В Москве я посмотрел на студии имени Горького многих, а потом стал смотреть пробы такого Миши Богина, и смотрю – одна проба вырезана. Спрашиваю, почему. Говорят, что артистка пробовалась, но повторить пробу не смогла: пробовалась интересно, но потом не сыграла. Я говорю: «Ну-ка, ну-ка». Нашли Ахеджакову. Но я чужой ошибки не повторял, не давал ей попробоваться. Все придумали, выучили слова. Я ее держал на четырех цепях – впустил ее в первый же дубль, и она сыграла замечательно. А второй дубль хуже, третий – еще хуже. Она может играть только пока у нее внутри горит что-то.
Дальше началось. Вызывает меня директор: «Ахеджакова, с этим ее носом, – плохой эпизод, надо убрать». Отвечаю: «Она адыгейка! Так и скажите». – «За кого ты меня принимаешь! Я коммунист!» Говорю: «А я вас за коммуниста и принимаю. Так что позвоните своим коммунистам и скажите, что она адыгейка». Потом зовет меня: «Сказал, смягчилось. А нос нельзя подрезать? Нельзя? Ну ладно, разрешаю. Только пусть мальчика ее зовут Ахмедка, а не Вадик. Договорились?» Я говорю: «Нет». – «Почему?» – «Потому что мальчик – жиденок». – «Как? Она адыгейка, а мальчик жиденок?» – «Бывает», – говорю. Он закричал: «Покиньте мой кабинет!»

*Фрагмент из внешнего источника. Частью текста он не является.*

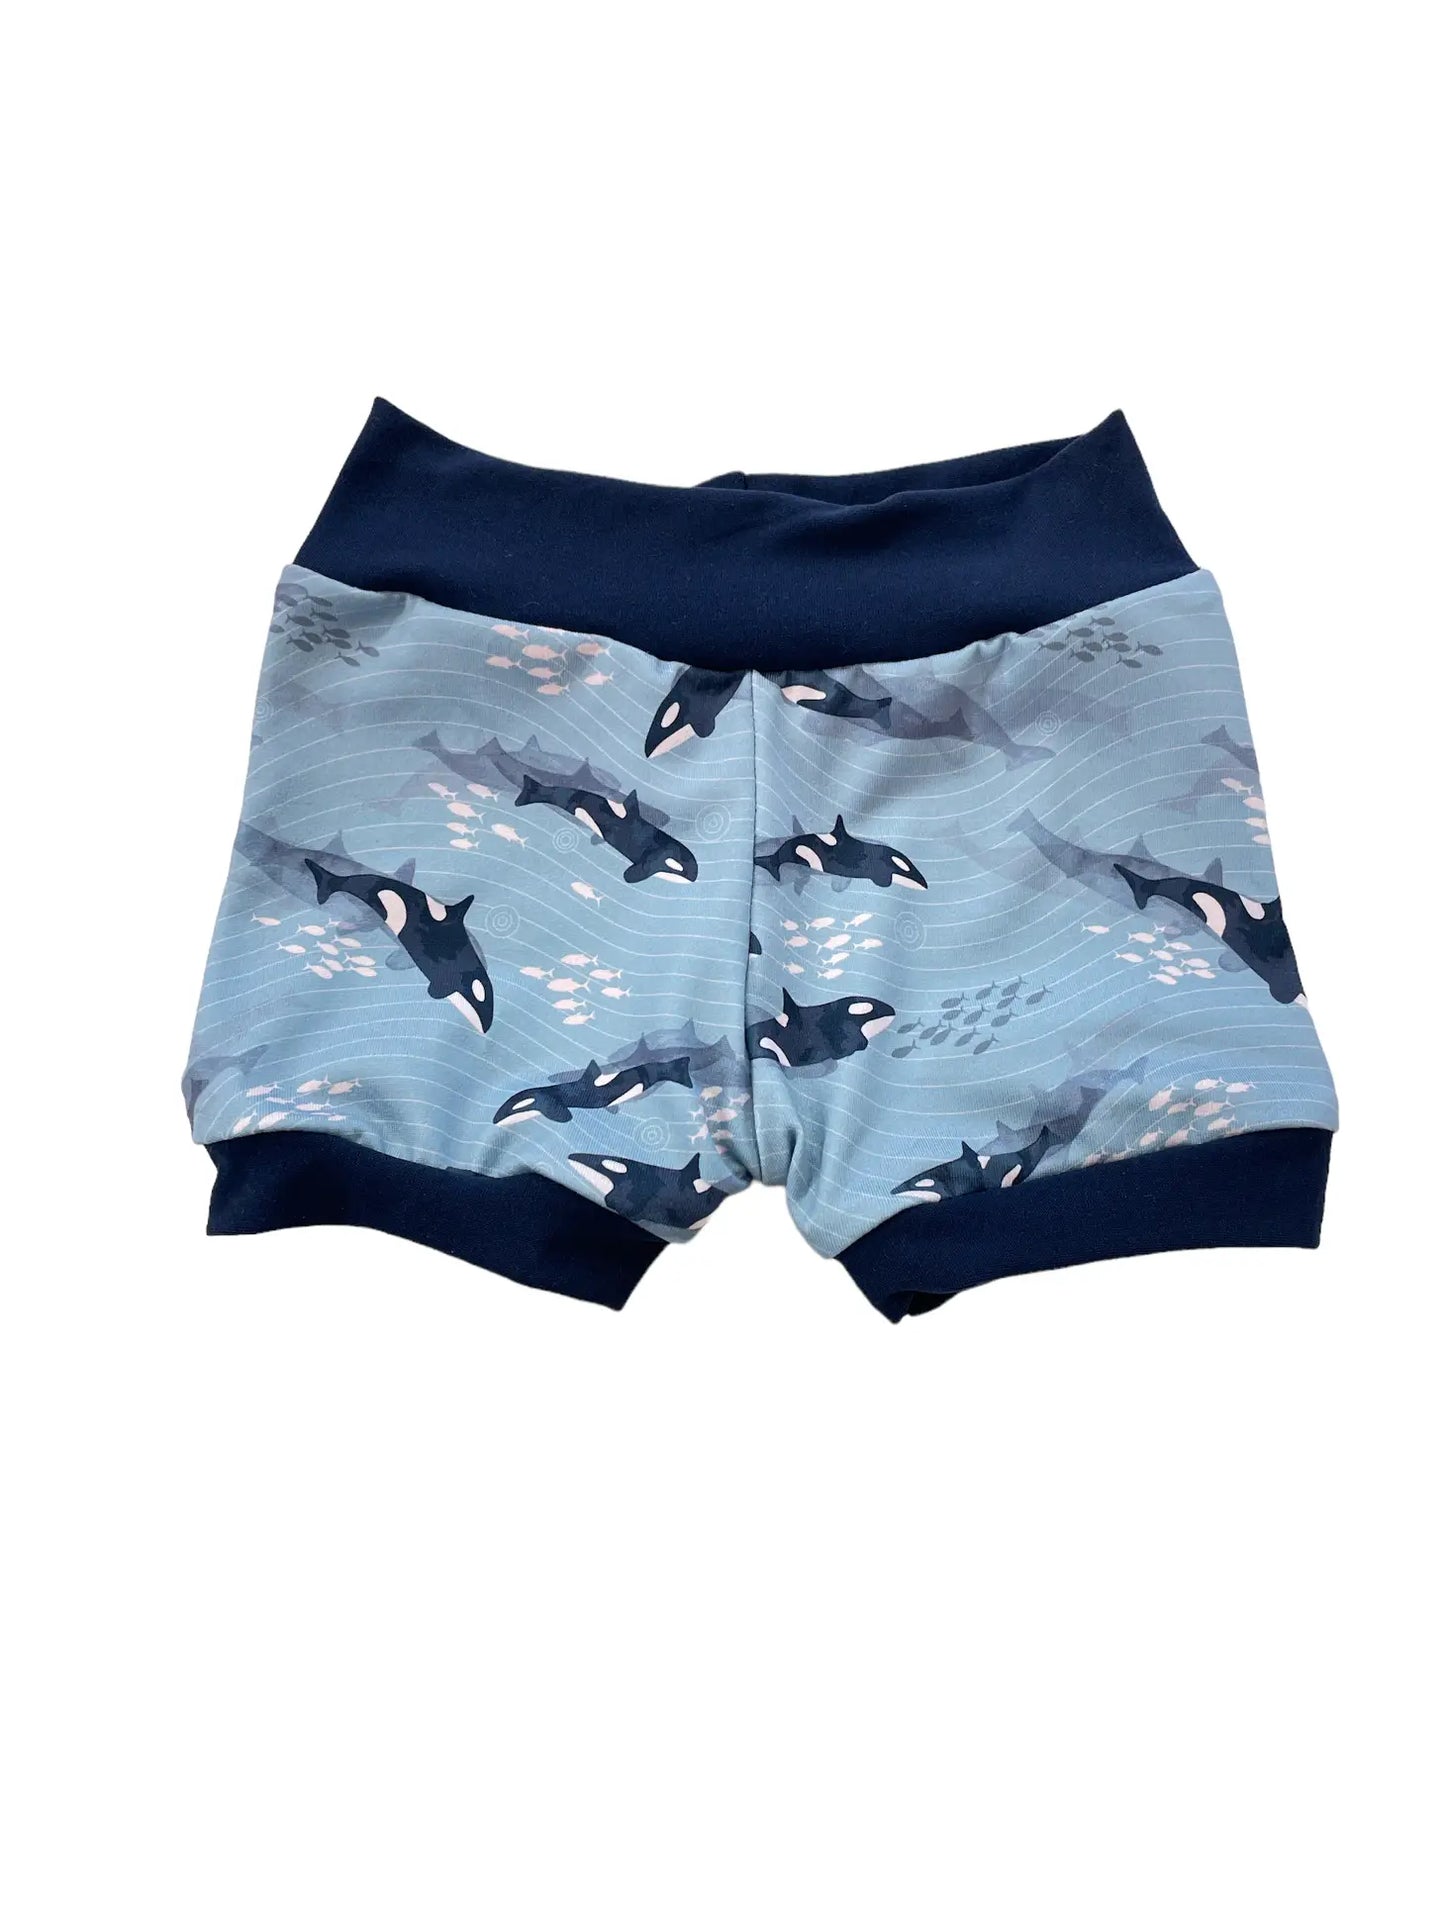 Whale Infant/Toddler Shorties

А как пришла идея пригласить Николая Гринько – еще одного любимца Тарковского?
Про Гринько могу рассказать только одно. Он замечательный артист, я его очень люблю и всегда буду вспоминать, но он роль сыграл, а озвучить не мог. Никак. Я говорю: «Простое же дело, почему вы не можете?» Он меня отвел в сторону и сказал: «Леша, я понимаю, чего ты от меня хочешь, я в три минуты могу это сделать. Но у меня инфаркт был! Если я это сделаю, мне опять сердце припечет. Я не хочу твою картину менять на свою жизнь. Попроси Иннокентия, он сделает». Мы поехали к Смоктуновскому, и он действительно все сделал. Исполнил просьбу. А что со Смоктуновским было, когда он посмотрел «Проверку на дорогах»! Выскочил из зала, разрыдался, сел на пол, с ним истерика. Я ничего не понимаю. Вдруг он говорит: «Леша, откуда ты все это знаешь? Я был в плену, я у немцев служил, потом был в тюрьме… Все это – про меня».
Без непрофессионалов тоже не обошлось. Опять – Дюдяев, и некоторые другие…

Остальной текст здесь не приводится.